Un jour, il vit arriver la première salle cinématographique. C'était aux environs de 1908-1909 . La salle s'appelait "Cinéma Numez". Le jeune homme, intrigué et poussé par la curiosité, finit par poser des questions aux ouvriers : il s'agissait bien d'une salle de cinéma !
Dès lors, à chaque sortie de l'école, c'était la ruée vers cette salle. Le premier spectacle visionné aura été "les Aventures de Zigomar", un film comique avec le grand Max Linder : matinée 50 centimes, soirée 1 franc.
En 1920, après son service militaire, Tahar débarqua en France, gare de Lyon, avec en poche...1 louis d'or.
Un jour , en 1922, tout en déambulant non loin des studios parisiens de cinéma, il fit la rencontre d'un régisseur qui cherchait des figurants de type arabe. 
Il s'agissait, à l'époque, de réaliser "L'Atlantide", chef-d'oeuvre de Pierre Benoit.
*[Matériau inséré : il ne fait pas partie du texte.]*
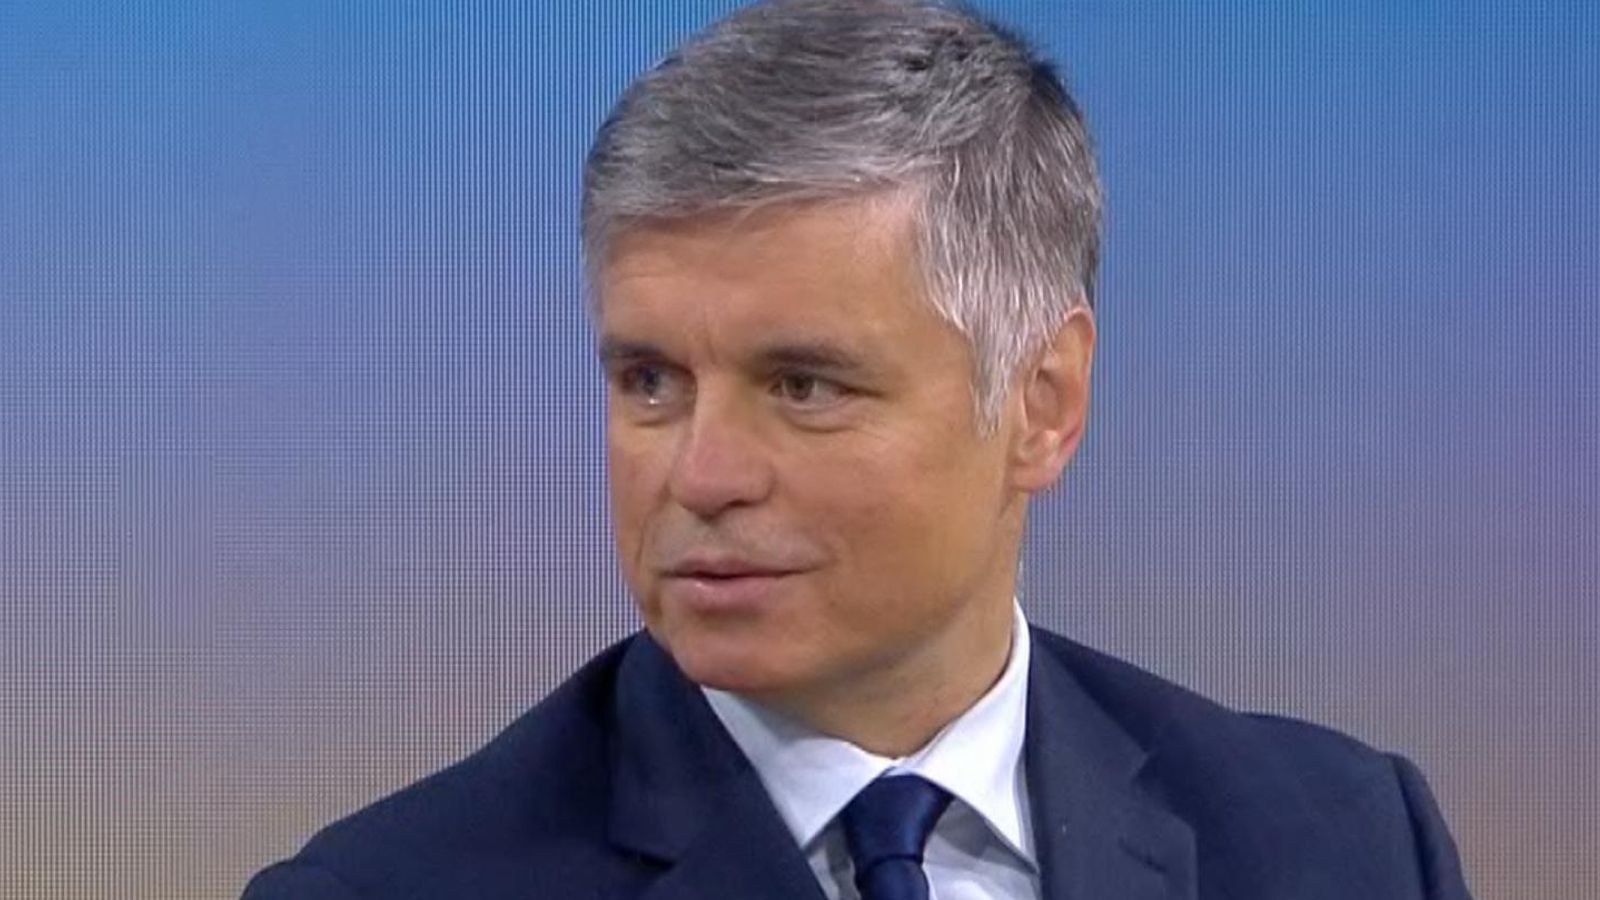 Ukraine's UK ambassador criticised 'sarcastic' Zelenskyy in Sky News interview days before sacking
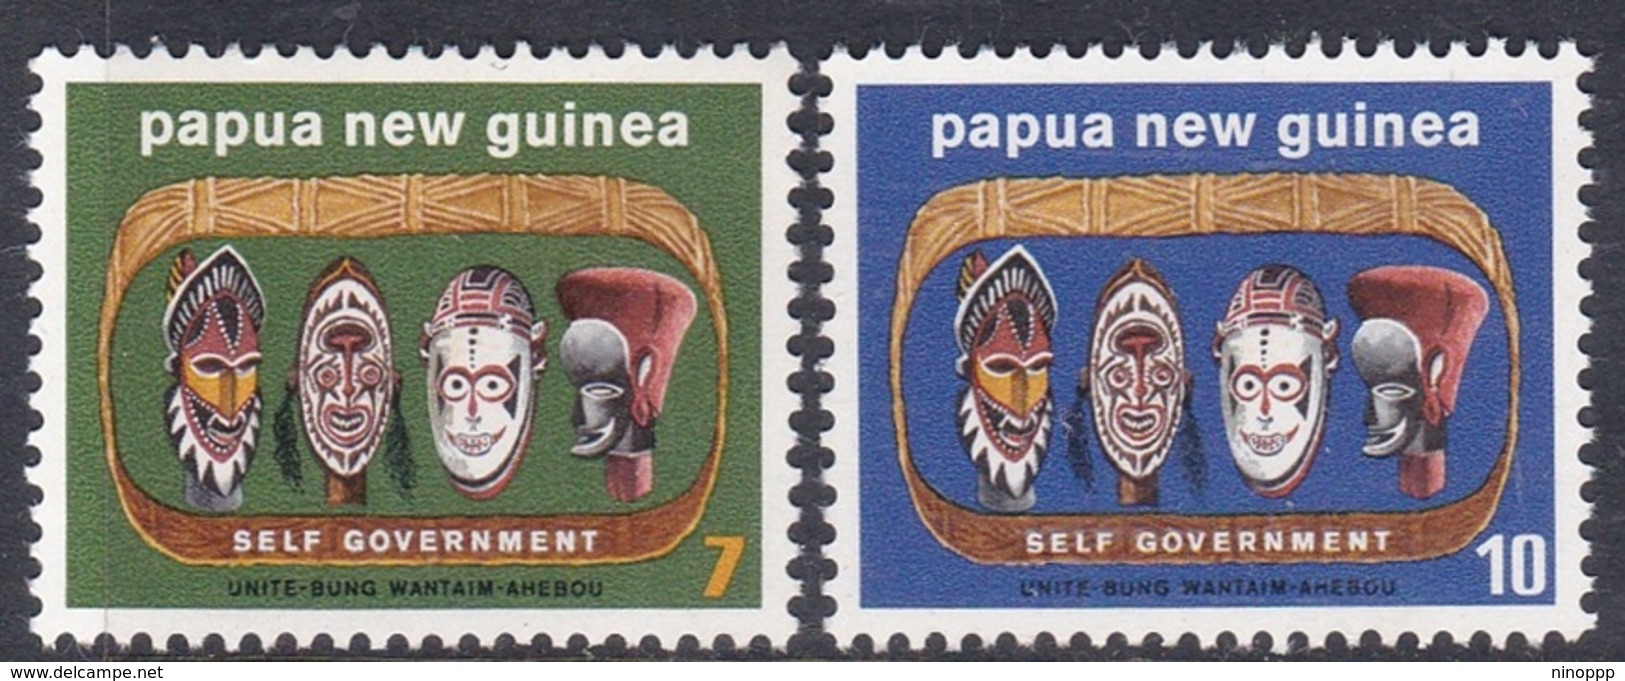 Papua New Guinea SG 266-267 1973 Self Government MNH - Papua New Guinea

Le régisseur regarda attentivement ce beau jeune homme qui, tout en ayant de larges épaules, était grand de taille et avait un regard volontaire. Il alla droit au but :
-"Vous ètes arabe ?" Tahar répondit oui. 
-" Revenez demain, je vous engage".
Le lendemain fut le point de départ d'une exaltante carrière cinématographique pour Tahar Hannache.
Après sa participation au tournage de "L'Atlantide", sous la direction de Rex Ingram, un producteur américain de l'époque, et de "Yasmina", d'André Hugon, que Tahar aida grace à sa connaissance des moeurs et coutumes arabes, Max Rieux le prit comme aide-opérateur et régisseur pour le tournage de " La grande Amie", "J'ai le noir" et "La cousinette".
Pierre Comloubier et Diamond Berger le solliciteront, eux aussi, pour tenir les mèmes emplois dans "Le Transatlantique" et "Education de prince". Avec Jacques Mills, il acheva "Les Sables mouvants", film dans lequel il fut à la fois acteur et assistant. 
En 1928, après avoir terminé le dernier film muet "Les Sables mouvants", il collabora au premier film parlant, "Chiqué", et et passa à la série "Legy et Cie, "Maurin des Maures", "L'illustre Marin", "La bandéra" de Julien Duvivier,etc.
En 1937, il vint tourner "Sarrati le terrible" d'André Hugon à Alger, avec Harry Baur, Georges Rigaud ainsi que le regretté fantaisiste algérien connu dans tous les milieux artistiques, Rachid Ksentini.
En 1940, il termina dans la métropole française par "La fille du puisatier" de Marcel Pagnol, avec Raimu, Fernandel, Charpin, Josette Day. Marcel Pagnol l'avait engagé comme second opérateur pour le tournage du film. Puis ce fut "La Vénus aveugle" avec Viviane Romance où il réussit de très belles images. Car Tahar Hannache s'est fixé définitivement. Il n'est plus acteur, c'est désormais en technicien qu'il affrontait le septième art.
En 1942, il vint diriger les prises de vue du premier film parlant arabe "Ali, fils du Sud", avec, comme vedette, Réda Caire. Bloqué en Afrique du Nord par le débarquement allié, il tourna un documentaire sur sa ville natale, "Constantine, l'ancienne Cirta", en double version française et arabe.
Toujours en 1942, il fut requis par le service cinématographique de l'armée, pour lequel il dirigea les prises de vue pendant trois ans. Il tourna aussi pour le service des Alliés "Bataillon de choc", "Le sous-Marin", "Casablanca". Il etait alors le seul Africain détenteur d'une carte professionnelle de cinéaste sous le numéro 7951, avec le grade de lieutenant. 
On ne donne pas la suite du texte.